Background monitors¶
MonitorRegistry (data/monitor/MonitorRegistry.kt) is a Hilt singleton
with an app-scoped SupervisorJob + Dispatchers.Default. Each active
monitor owns one SSE subscription and is edge-triggered — an alert
fires only when the predicate flips false→true. The chat surface shows
a MonitorChipStrip between the header and the message list while any
monitor is armed; tapping a chip's cancel button calls cancelAll() /
cancel(id).
Alerts post into the chat as assistant messages via
ChatRepository.append, so they survive app restarts and show up in
history exactly like a normal AI turn.
Security Model¶
Safety — User confirmation¶
All write operations require explicit user approval in the app:
| Operation | Requires Confirmation |
|---|---|
| Read topics, list nodes, get params | No (always allowed) |
| Publish to topic | Yes |
| Call service | Yes |
| Set parameter | Yes |
| Send action goal | Yes |
| Lifecycle transitions | Yes |
| ros2_control writes | Yes |
| Component load/unload/standalone | Yes |
The AI agent proposes an action → the chat surface auto-renders a
ConfirmationCard showing the proposed args (with diff against the
current value for ros_set_parameter) → the user taps Approve in the
card → only then does AiProxyLoop mint the X-Scry-Confirm nonce and
dispatch the tool.

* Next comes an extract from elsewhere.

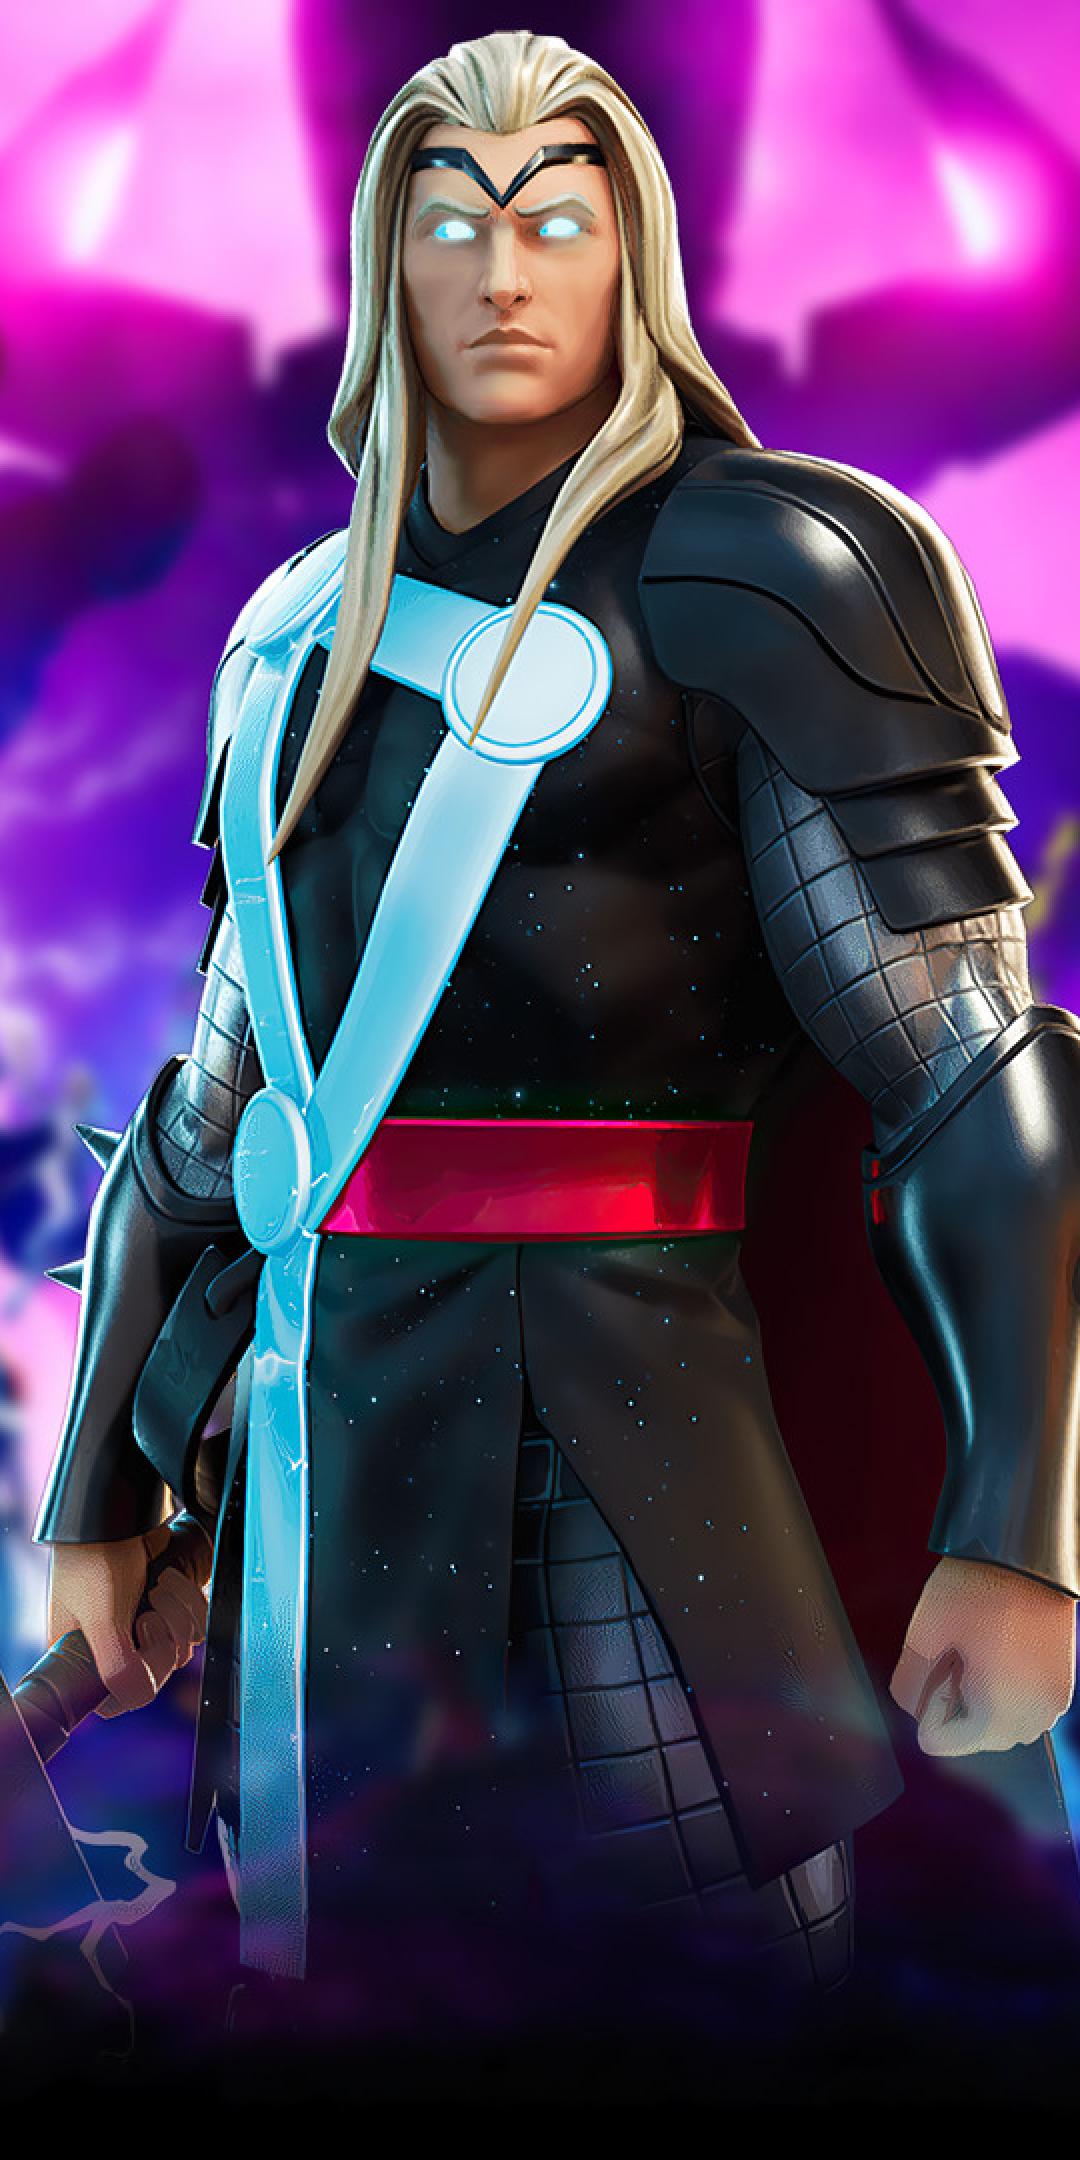 Marvel Thor Fortnite Wallpaper in 1080x2160 Resolution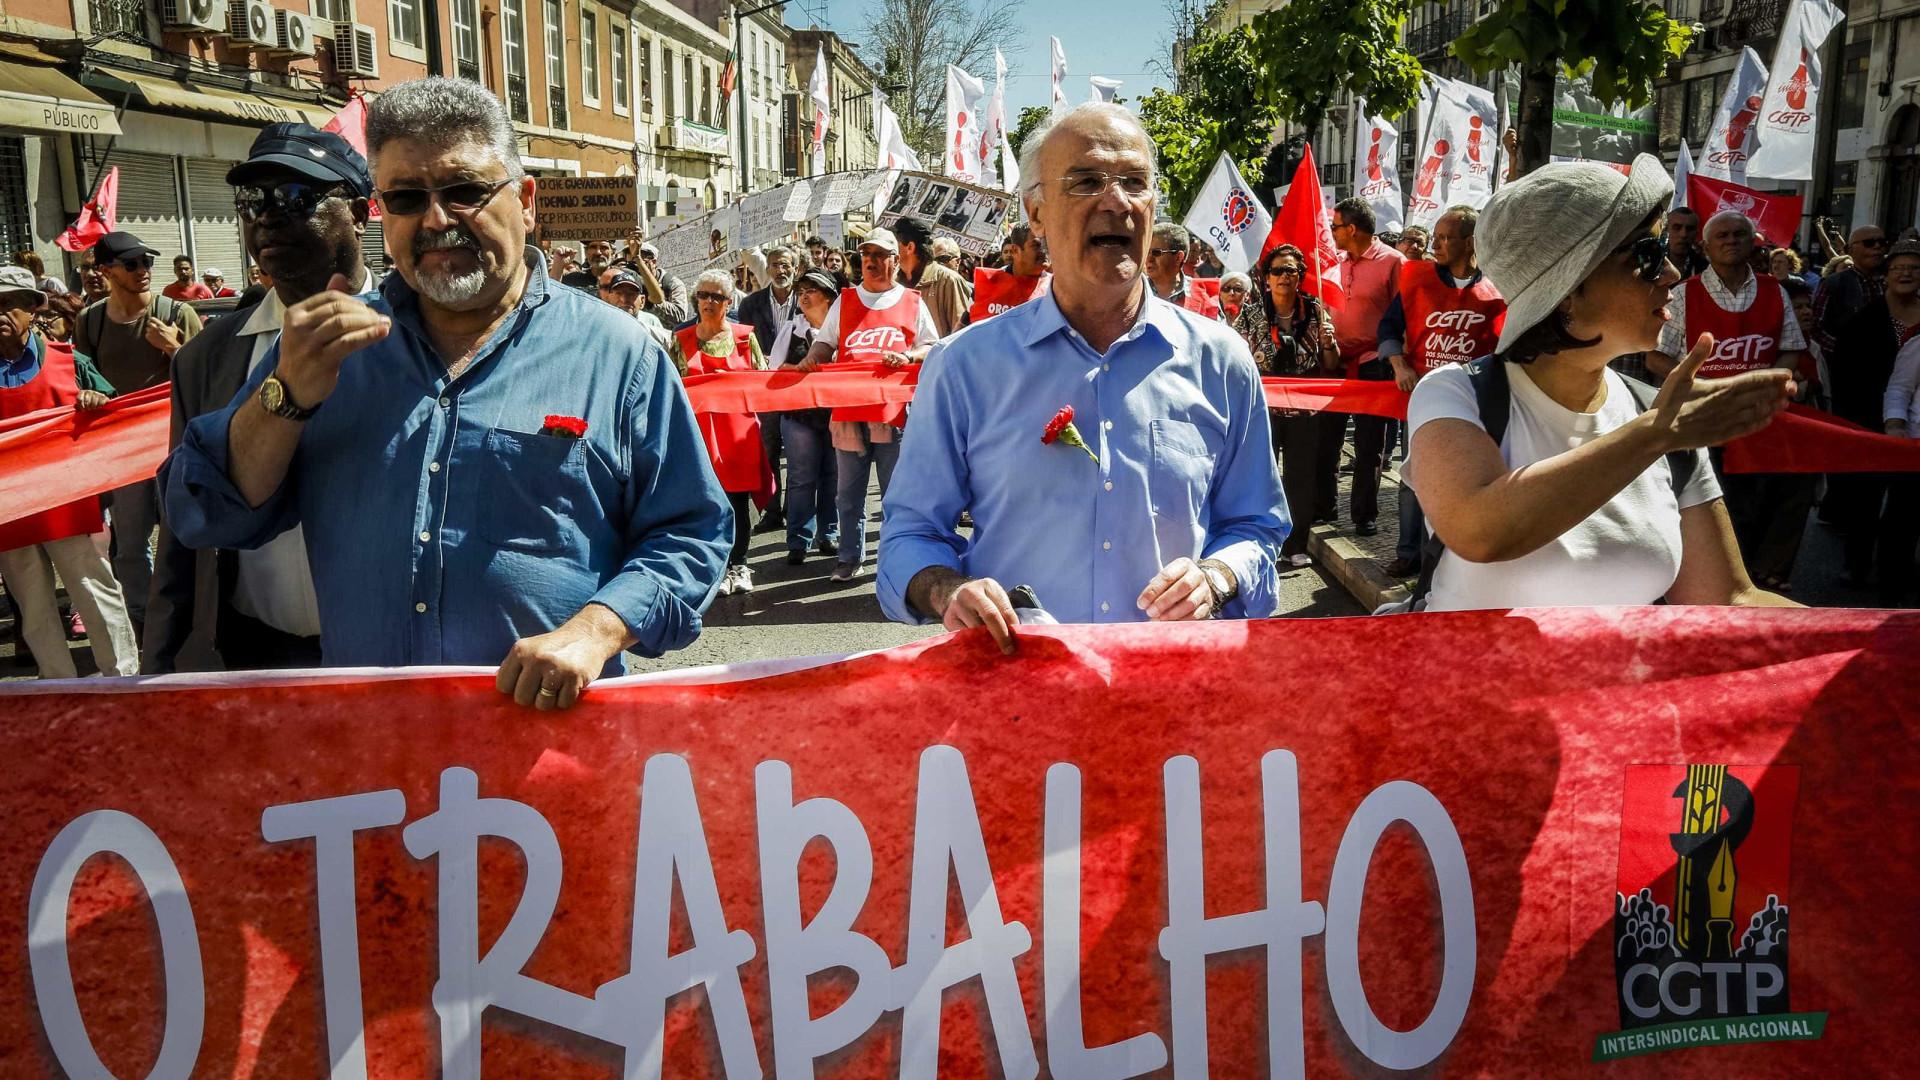 Milhares de pessoas desfilam em Lisboa a exigir valorização do trabalho

The exact write set is enforced by
McpToolCatalog.WRITE_TOOLS and the connect's write=True tags; a CI
parity test keeps the two in sync.
Network security¶
The default posture is open mode on RFC1918 / loopback — the connect
rejects callers from public IPs unless --public-internet is passed.
This matches rosbridge / foxglove_bridge conventions and avoids the SSH
copy-paste friction of mandatory tokens during day-to-day debugging.
Hardening modes are opt-in CLI flags:
--token— pair via QR from the phone; writes require a one-shotX-Scry-Confirmnonce (server.call_toolenforces this server-side)--mtls— mutual TLS, same nonce requirement--public-internet— required to bind on a non-RFC1918 address
API keys (Anthropic / OpenAI / Gemini) are stored in
EncryptedSharedPreferences (AES-256, backed by Android Keystore) and
sent only to the provider's API.
Full audit + remediation history: docs/SECURITY_AUDIT.md.
Multi-Robot Support¶
Each robot runs its own scry-connect instance. The app maintains:
- A list of saved robots (IP + ports, stored in Room DB)
- One active connection at a time, swappable mid-session
- Separate chat conversations per robot (sessions are keyed by robot id)
- Robot switcher in the chat header — tap the robot-name row to get a DropdownMenu of every saved robot; the active one is highlighted
Fleet-wide queries¶
Fleet operations are shipped, not deferred — they run on the phone:
fleet_overview— phone-side meta tool that pings every saved robot in parallel viaMcpClient.healthCheckTimed(r)and renders a per-robot card (online dot, ping ms, summary). The AI calls this when the user asks "how's the fleet" / "which robots are online".compare_robots(left_name, right_name, dimension, rows)— emits a side-by-side metric grid; the AI populatesrowsafter fetching each side's data with normal per-robot tool calls.
Cross-robot tool calls (one Claude turn calling MCP on robot A and robot B) are intentionally not supported — sessions are per-robot. The fleet path above runs at the meta-tool layer.